Oba of Lagos
- Reign: 1853–1885
- Coronation: 1853
- Predecessor: Akitoye
- Successor: Oyekan I
- Born: c. 1823 Lagos
- Died: 1885 (aged 61–62) Lagos
- Burial: Lagos
- Father: Akitoye

= Dosunmu =

Dosunmu (c. 1823 – 1885), referred to in British documents as Docemo, reigned as Oba of Lagos from 1853, when he succeeded his father Oba Akitoye, until his own death in 1885. He was forced to run away to Britain under the threat of force in August 1861.

==Accession==
Dosunmu's accession to the throne broke with tradition in that he was appointed Oba by British Consul to Lagos Benjamin Campbell following Britain's intervention in Lagos affairs following the Reduction of Lagos in December 1851. Campbell had learned about Oba Akitoye's death on 2 September 1853 from CMS agent C.C. Gollmer but withheld this information from the paramount chiefs, instead inquiring from them who Akitoye's heir should be. In unison, the chiefs agreed that Dosunmu was the rightful heir and only then did Campbell relay the news of Akitoye's death to them. Campbell then informed Dosunmu about his accession to the Obaship followed by hasty accession ceremonies at the palace. The next day, Dosunmu was officially recognized as Oba of Lagos and received a 21-gun salute from the Royal Navy.

==Rivalry with Kosoko==
Dosunmu inherited the "Kosoko" problem from his father (Akitoye) in that Kosoko had established an independent base in Epe with about 400 warriors (including Oshodi Tapa) and from where he destabilized Lagos with multiple attacks that came dangerously close to Akitoye. While Kosoko eventually signed The Treaty of Epe on 28 September 1854 with Consul Benjamin Campbell, agreeing not to make any claims to Lagos or to endanger commerce in Lagos. The treaty was a tactical success for Kosoko who got the British to recognize his state in Epe. In the big picture, however, the Lagos throne remained out of reach with Akitoye and Dosunmu's descendants firmly rooted.

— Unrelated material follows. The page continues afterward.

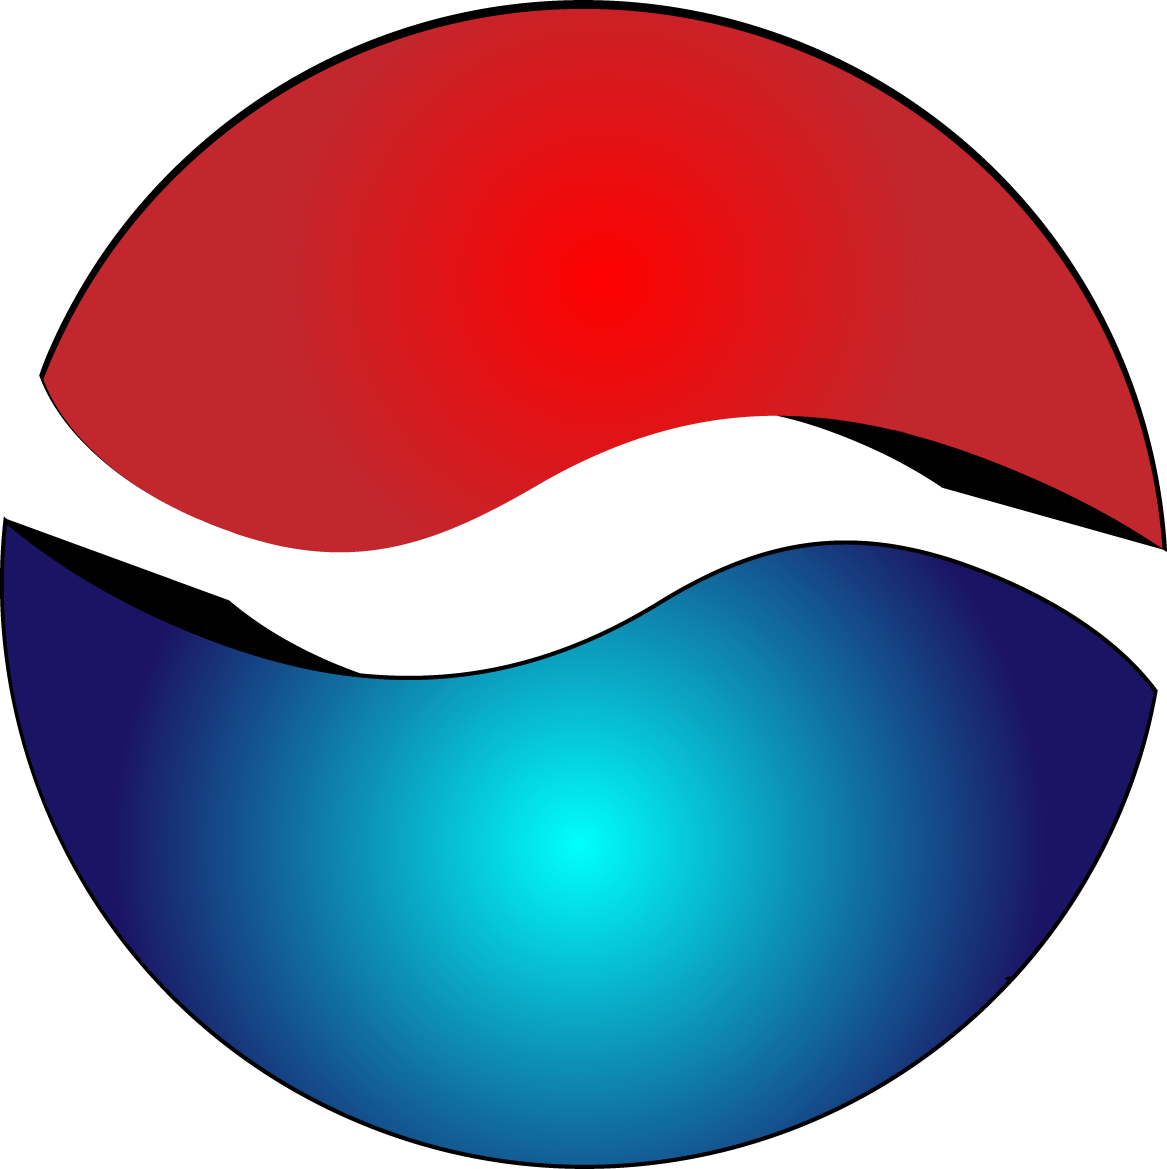 pepsico logo vector
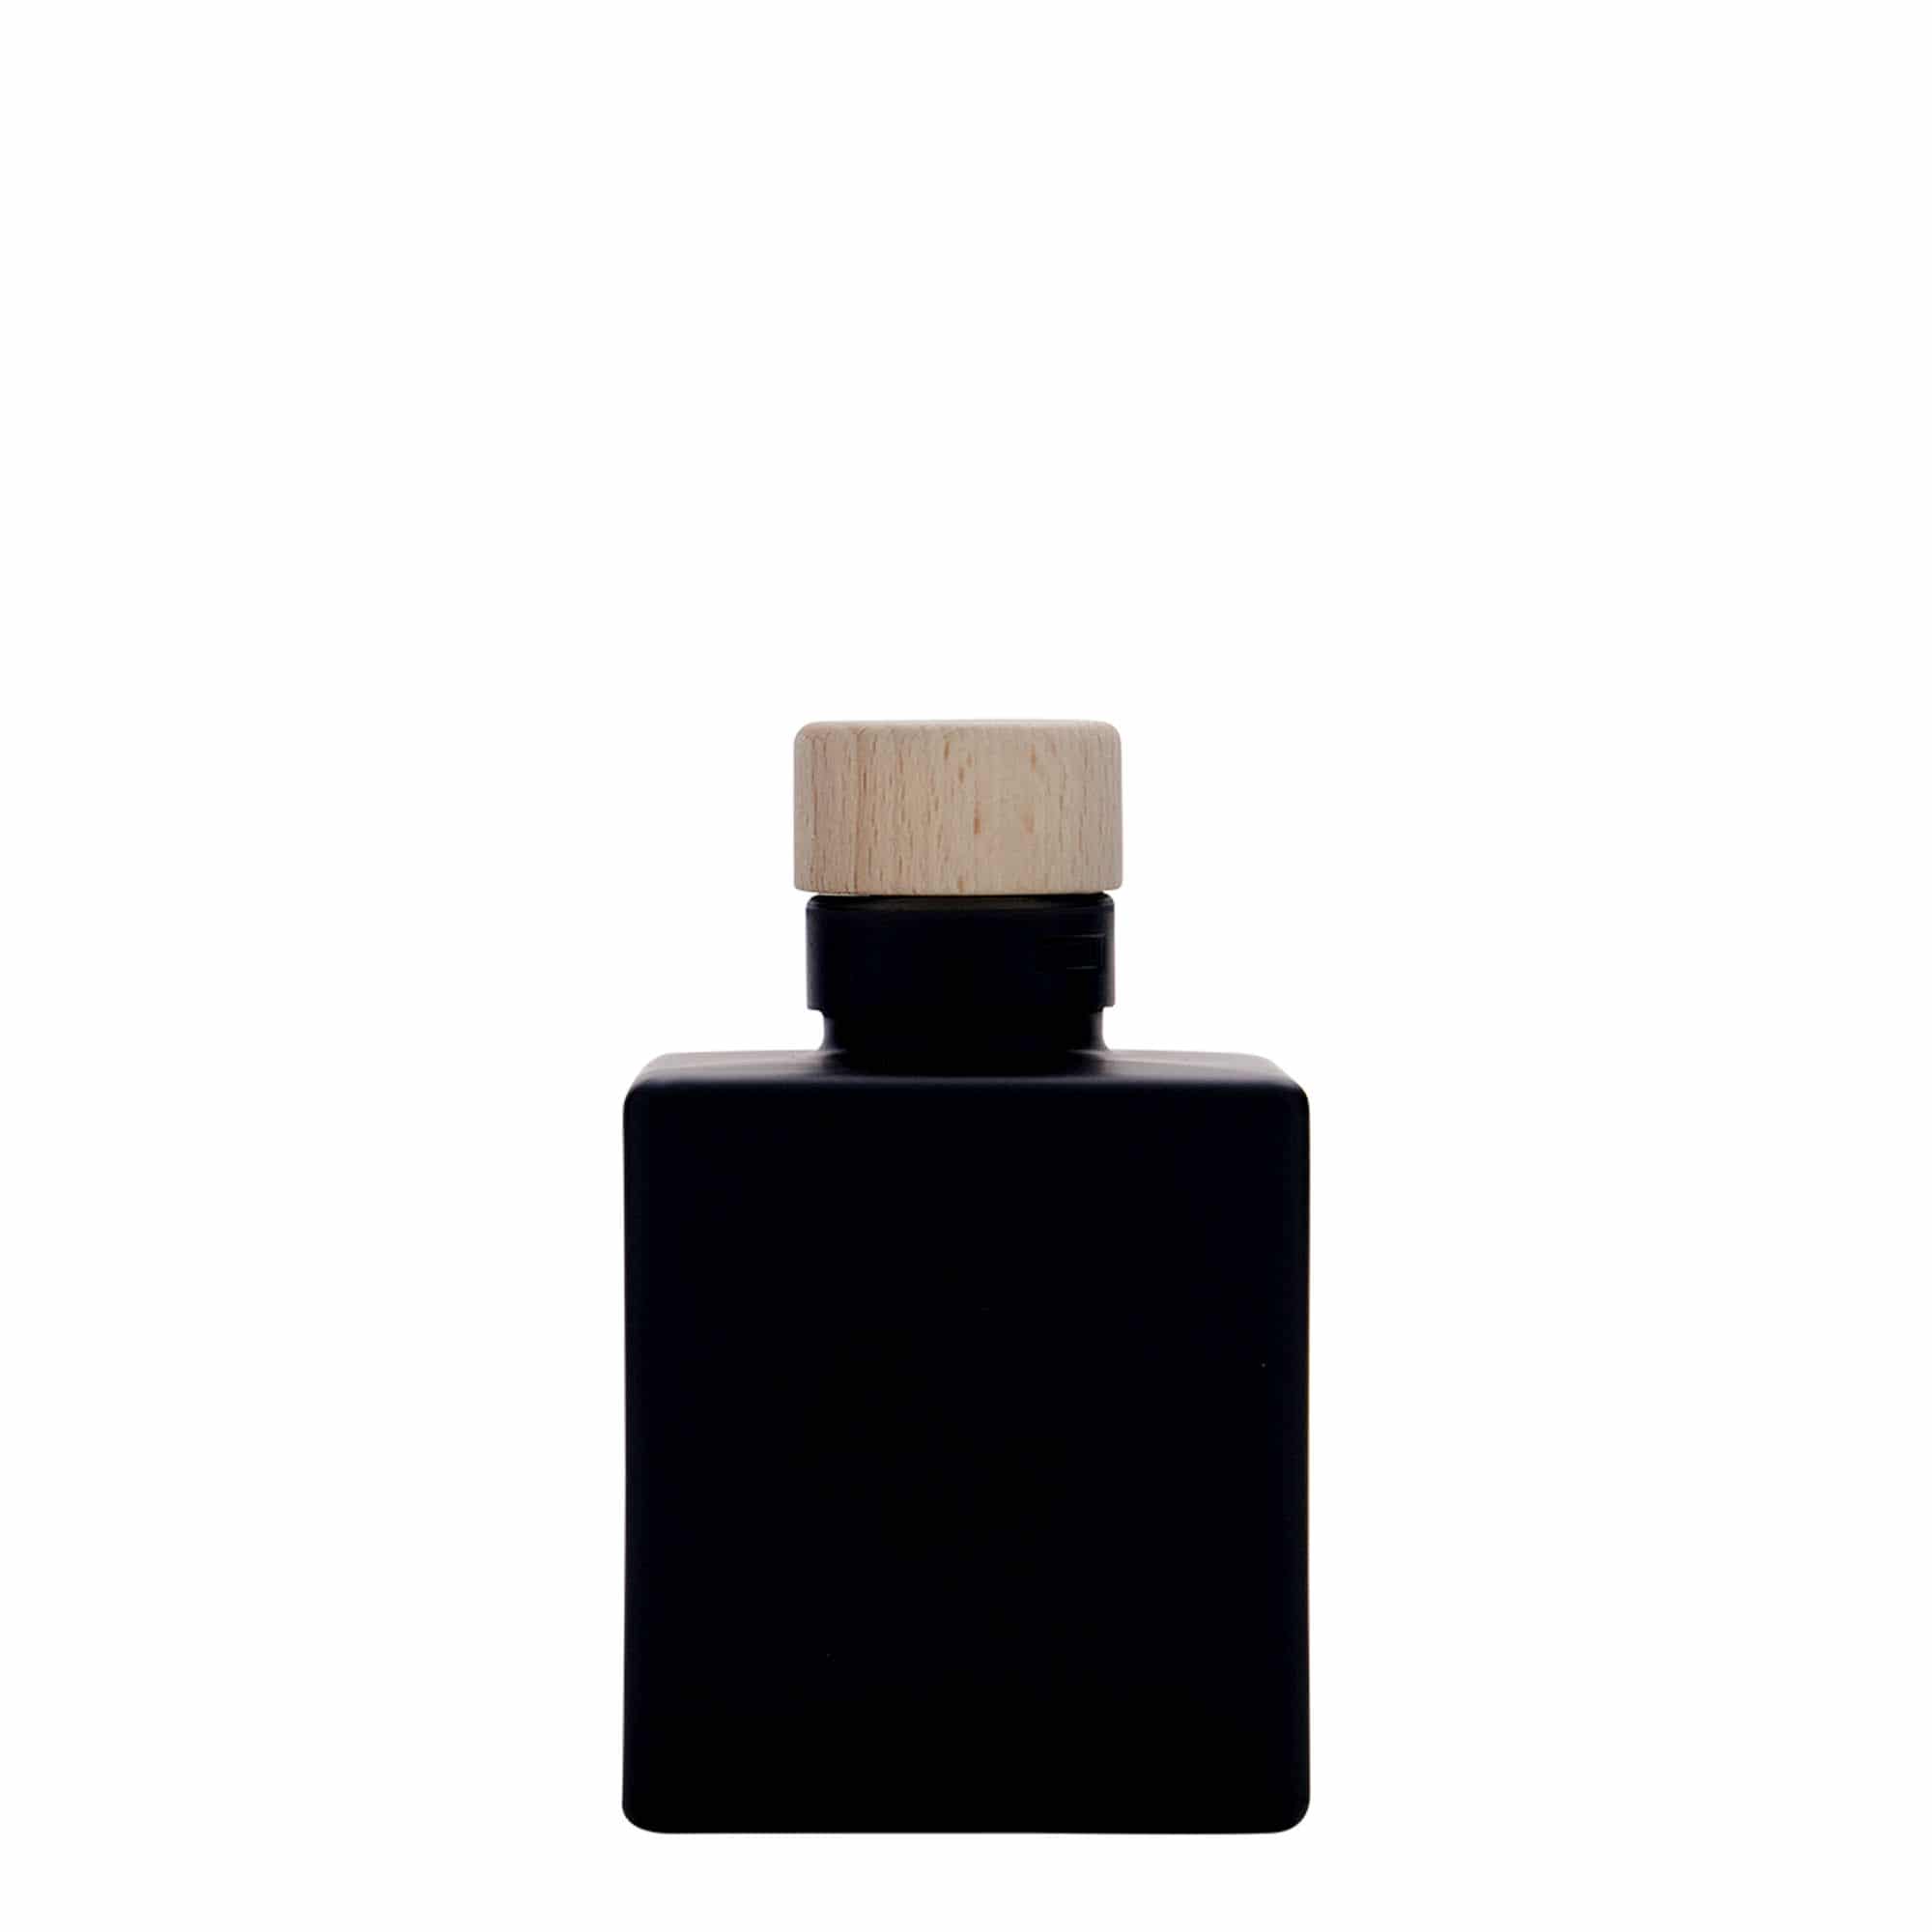 Skleněná lahev 100 ml 'Cube', čtvercová, černá, uzávěr: korek

The Kosoko-Akitoye/Dosunmu rivalry spilled over to the economic realm. Oba Dosunmu's supporters didn't fully appreciate the British presence in Lagos after annexation in 1861 while Kosoko's allies exploited the relationship. Furthermore, according to terms of an agreement reached with 1854, Dosunmu relinquished trading rights for custom duties, which he was later forced to relinquish according to terms of the 1861 Treaty for a pension of £1,000 annually. Consequently, the Oba's wealth declined while Kosoko and his allies, under no such trading restrictions, flourished.

Kosoko's camp comprised men such as Oshodi Tapa and Taiwo Olowo who entered trade enthusiastically with European firms. At the head of the Dosunmu economic faction was Chief Apena Ajasa who repeatedly clashed with Taiwo Olowo. When Kosoko died the colonial government estimated that his economic faction was the more powerful one with at least 20,000 followers.

==Ceding Lagos to Britain in 1861 under threat of force==
Following threats from Kosoko and the French who were positioned at Wydah, a decision was made by Lord Palmerston (British Prime Minister) who noted "the expediency of losing no time in assuming the formal Protectorate of Lagos". William McCoskry, the Acting Consul in Lagos with Commander Bedingfield convened a meeting with Oba Dosunmu on 30 July 1861 aboard HMS Prometheus where Britain's intent was explained and a response to the terms were required by August 1861. Dosunmu resisted the terms of the treaty but under the threat to unleash violence on Lagos by Commander Bedingfield, Dosunmu relented and signed the Lagos Treaty of Cession.

==Clash with Governor Glover==
Some French firms who had lost their trade concessions made overtures to Dosunmu, sensing his disgruntlement with the British presence in Lagos, promising him assistance for revolting against Governor John Hawley Glover. Glover put down the attempt, fined Dosunmu £50, and suspended his stipend for 4 months. Dosunmu was not pleased and felt Glover used Kosoko to spite him. Dosunmu's position was merited as Glover enjoyed a very close friendship with Kosoko allies such as Oshodi Tapa whom Glover consulted before pursuing public projects and Taiwo Olowo whom Glover had encouraged to pursue trading with the firm of Messrs G.L. Gaiser.

==Death and legacy==
Dosunmu died in 1885 and was succeeded by his son Oba Oyekan I.

A prominent descendant of his is Oloye Abiola Dosunmu, the Erelu Kuti of Lagos.